После Каслбарской битвы в Киллале воцарилась атмосфера празднеств. К восстанию примкнуло много людей, особенно молодых, но немало осталось с миром и по деревням — скоро убирать урожай, — хотя в душе они горячо приветствовали мятеж, несмотря на воскресные проповеди господина Хасси, в которых он смело осуждал отступников. Но перед глазами его паствы был и иной пример — второй священник, Мэрфи, личность отвратительная, и впрямь стакнулся с восставшими, ушел с ними в Каслбар и, по всей видимости, служит в тамошнем храме мессы в запятнанной кровью рясе. В тавернах гуляют всю ночь напролет, кричат, пьют, поют, не смолкает скрипка или волынка. Порой я даже опасался, сможет ли О’Доннел обуздать людей, если спиртное пагубно отразится на их нравах. В первые дни нашего плена они, правда, были полностью поглощены судами и пересудами о своей блистательной победе.

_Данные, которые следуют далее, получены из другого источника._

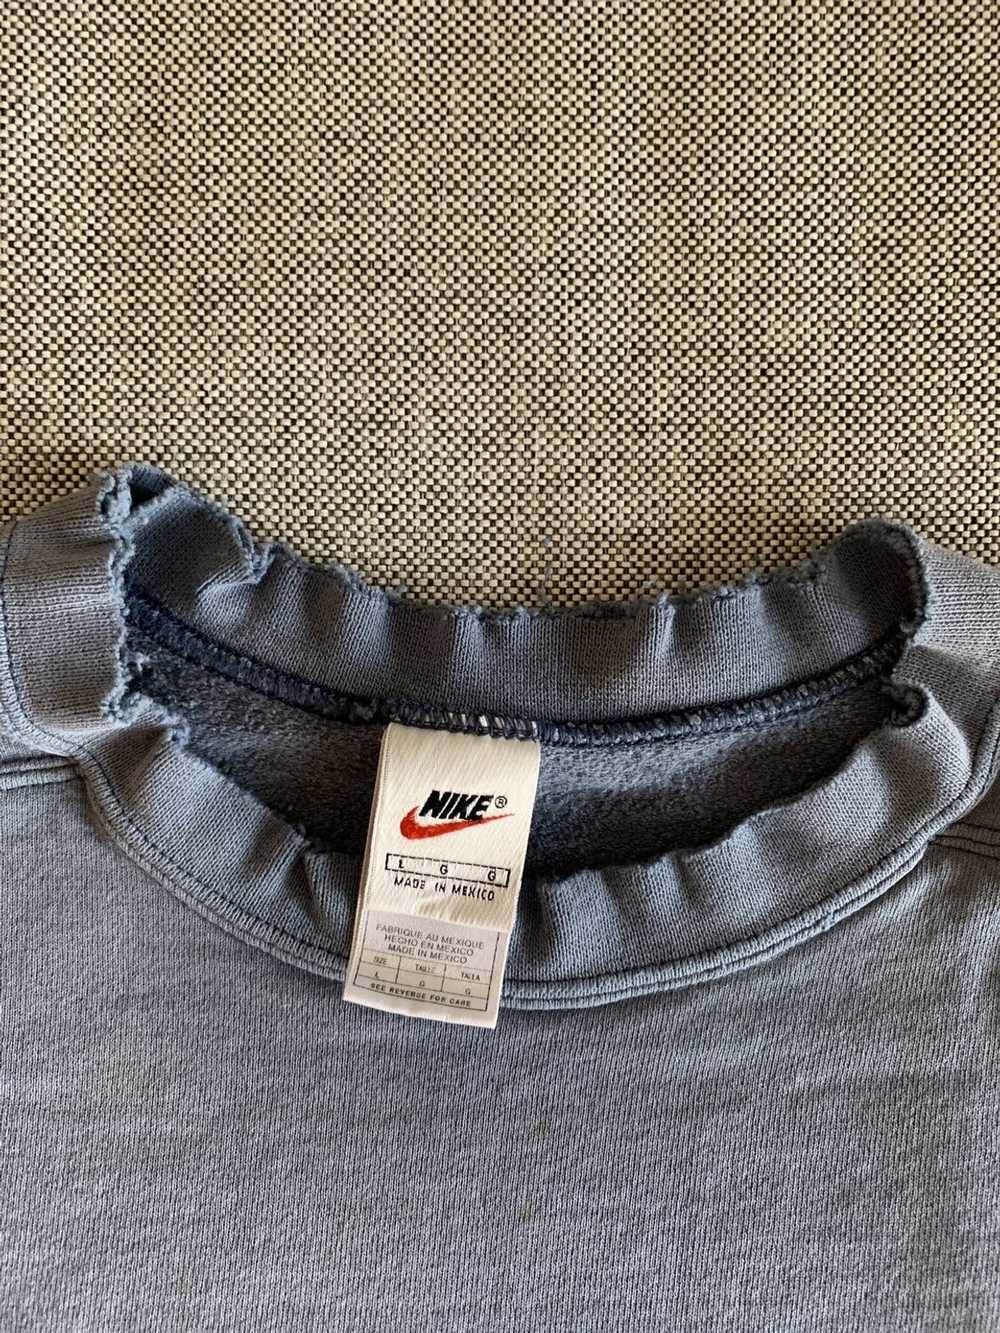 Nike × Vintage Vintage 90s Nike Sweatshirt Crewne… - image 5

Время от времени в Киллалу из Каслбара наезжали наши знакомцы, и среди них Оуэн Мак-Карти. Увы, он изменился к худшему, стал завзятым мятежником, даже с оружием в руках участвовал в битве. Однажды я встретил его у себя в доме, он пришел к О’Доннелу, своему близкому другу. Ему, похоже, дали какой-то чин, хотя в отличие от других офицеров их форму он не носил. На нем была шелковая рубашка и сюртук тонкого сукна, некогда принадлежавший какому-то более сухопарому господину. Офицерам выдавали также и пистолеты, и Мак-Карти носил красивую кобуру на широком кожаном ремне. Он заметил мой взгляд и потупился, устыдившись своего награбленного господского платья. Он всегда казался большим и неуклюжим, сейчас же — еще и чужим.

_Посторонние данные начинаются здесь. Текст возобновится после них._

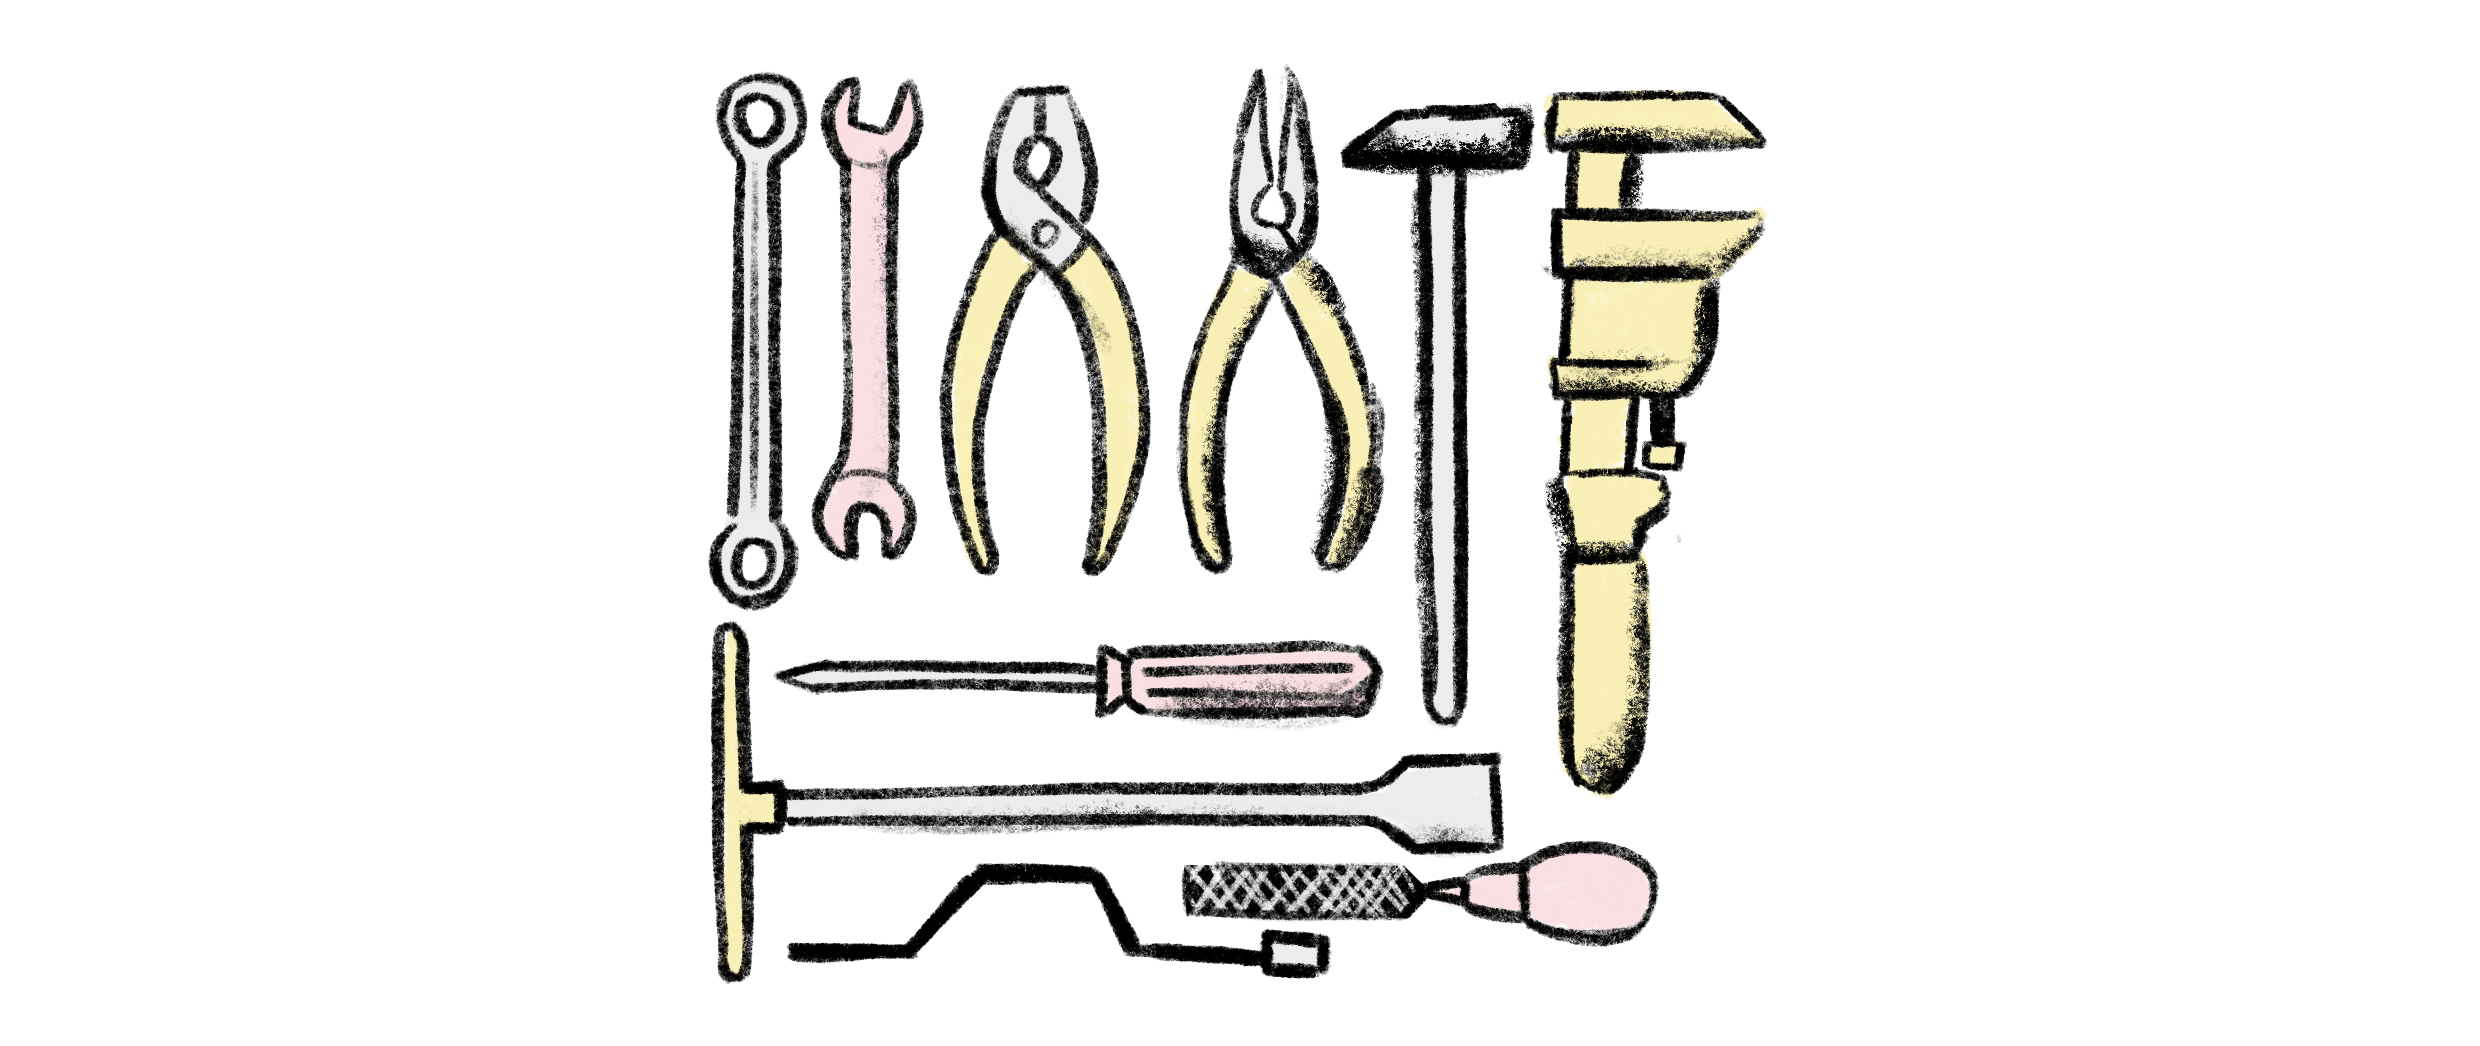 A mix of tools for mechanics

Из уважения к моему сану мне разрешали свободно ходить по городу, хотя я нечасто пользовался этим правом. Отчасти потому, что боялся оставить дражайшую Элайзу, отчасти из-за собственной робости. Грустно было идти по улицам Киллалы, ибо они, подобно Мак-Карти, изменились к худшему. Раньше местечко, пусть мрачное и унылое, с замшелыми от ветров с Атлантики стенами домов, было по крайней мере спокойным. Теперь же улицы запружены народом, в воздухе не смолкают грозные возгласы на непонятном языке, столь неподобающие для литературного или хотя бы пристойного изложения. Стоя в начале сбегающей к причалу улицы, я чувствовал себя одиноким и заброшенным, как Крузо из романа Дефо.

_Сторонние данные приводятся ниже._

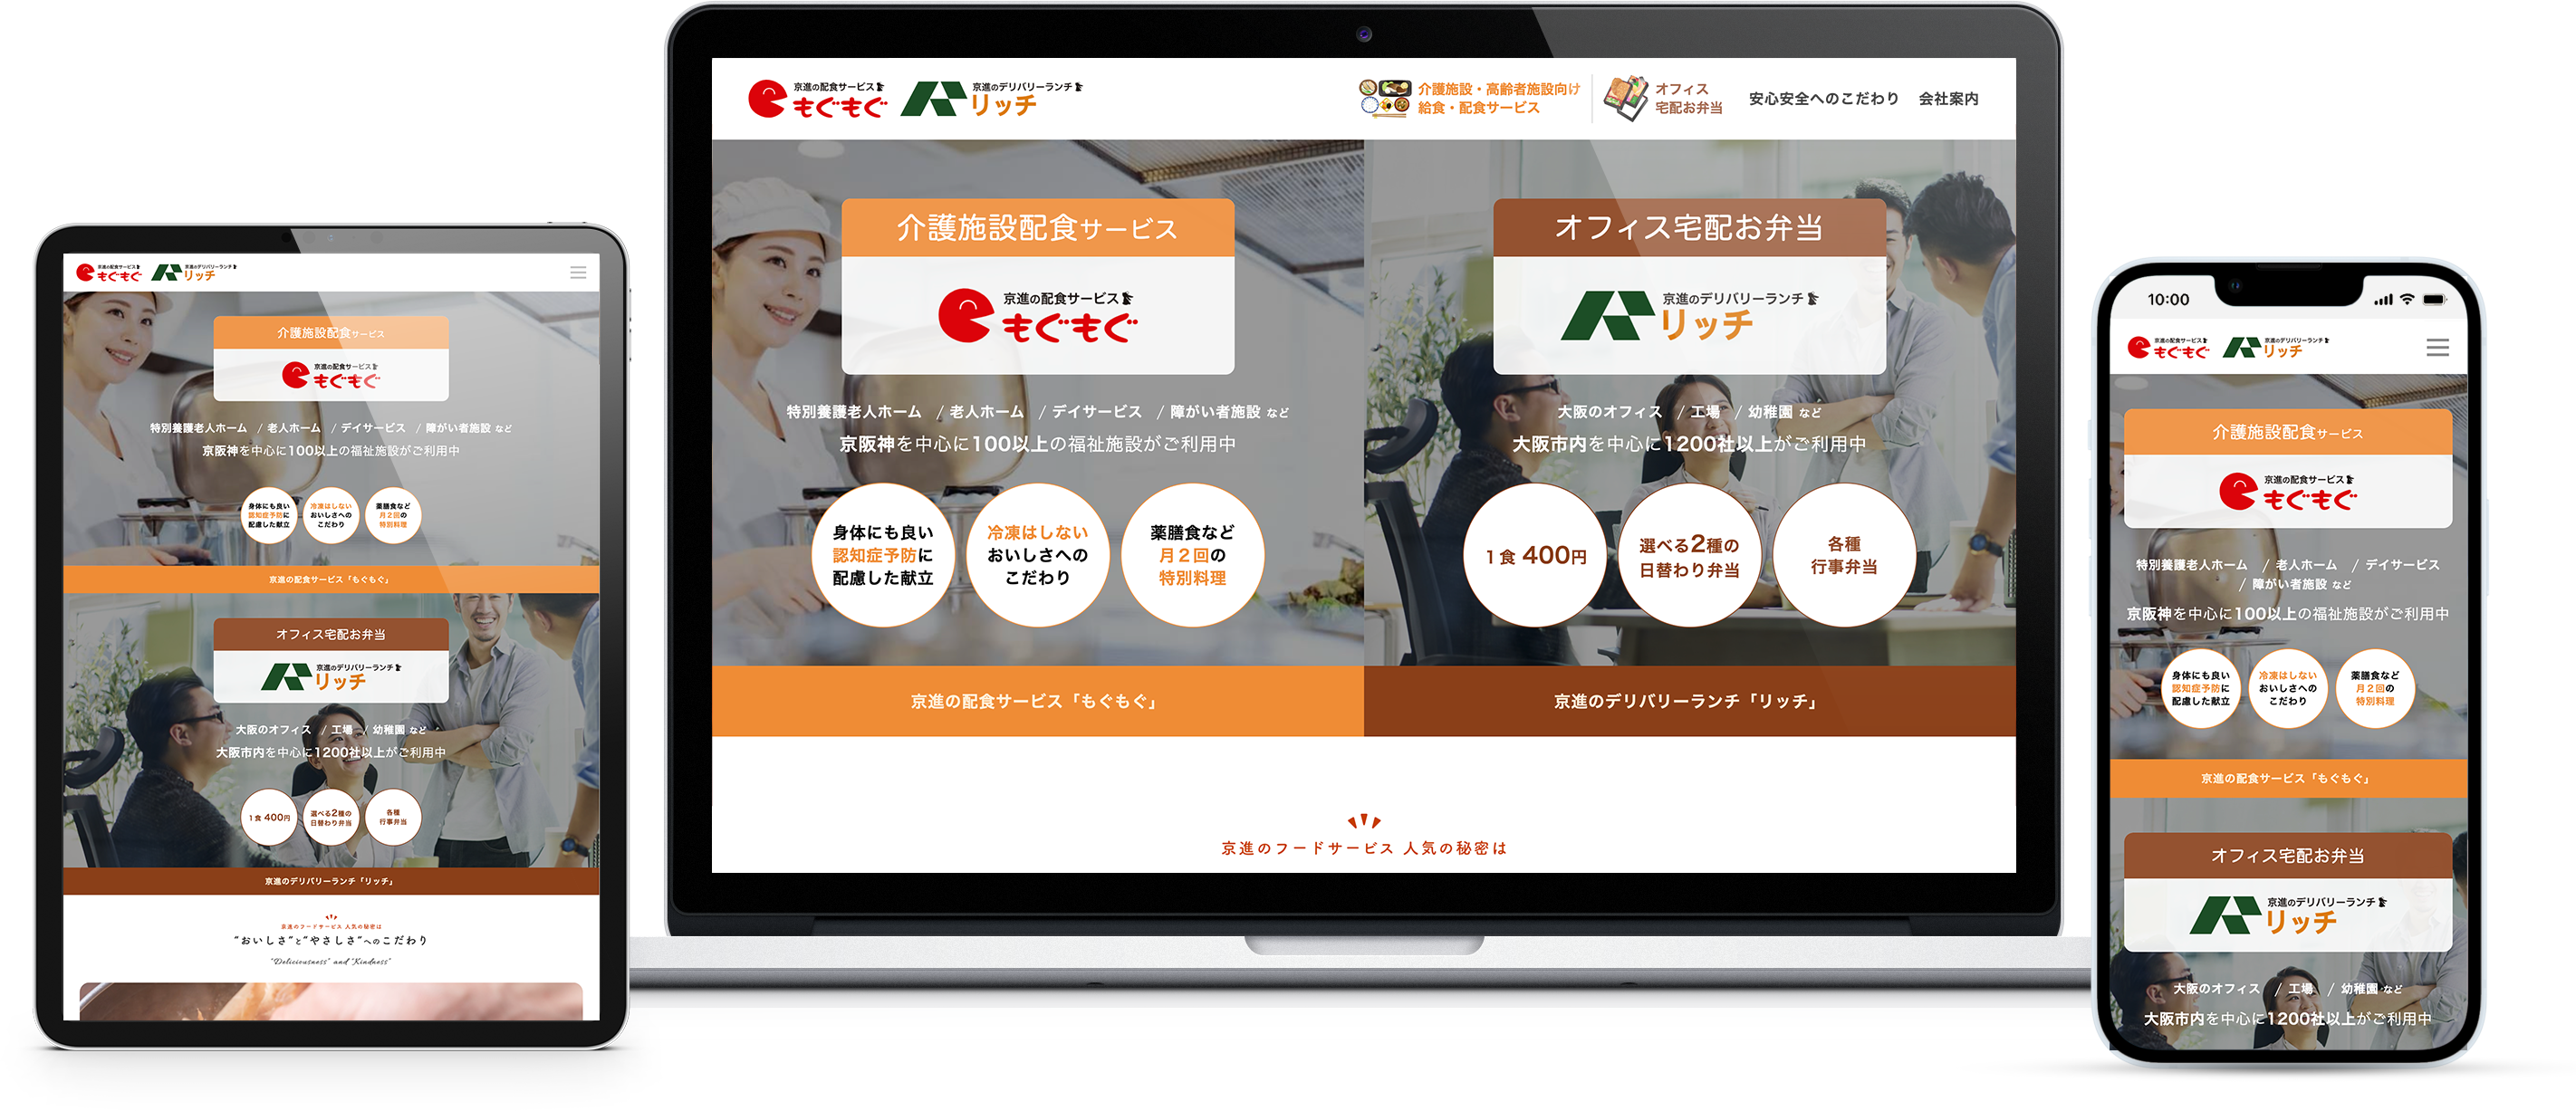 京進フードサービス「もぐもぐ」&「リッチ」のwebサイトのモックアップ

И все же все это время, позволю себе еще раз назойливо напомнить читателю, стояли прекрасные предосенние дни, зрелые хлеба уже клонили налившиеся колосья, дожидаясь жнеца.

11

КАСЛБАР, АВГУСТА 28-ГО

Писать и читать Эмбер научился поздно, и не очень-то преуспел. Это чрезвычайно мешало ему в службе, не потому, что он испытывал неловкость, а потому, что приходилось полагаться на адъютантов и секретарей. На следующий после Каслбарской битвы день он составил доклад для Директории, продиктовал его Бартолемью Тилингу и отослал с солдатом-ирландцем в Ньюпорт, где его дожидалось рыбацкое суденышко. Диктовал он медленно, чтобы Тилингу легче было понимать чужой язык, да и само письмо очень важное.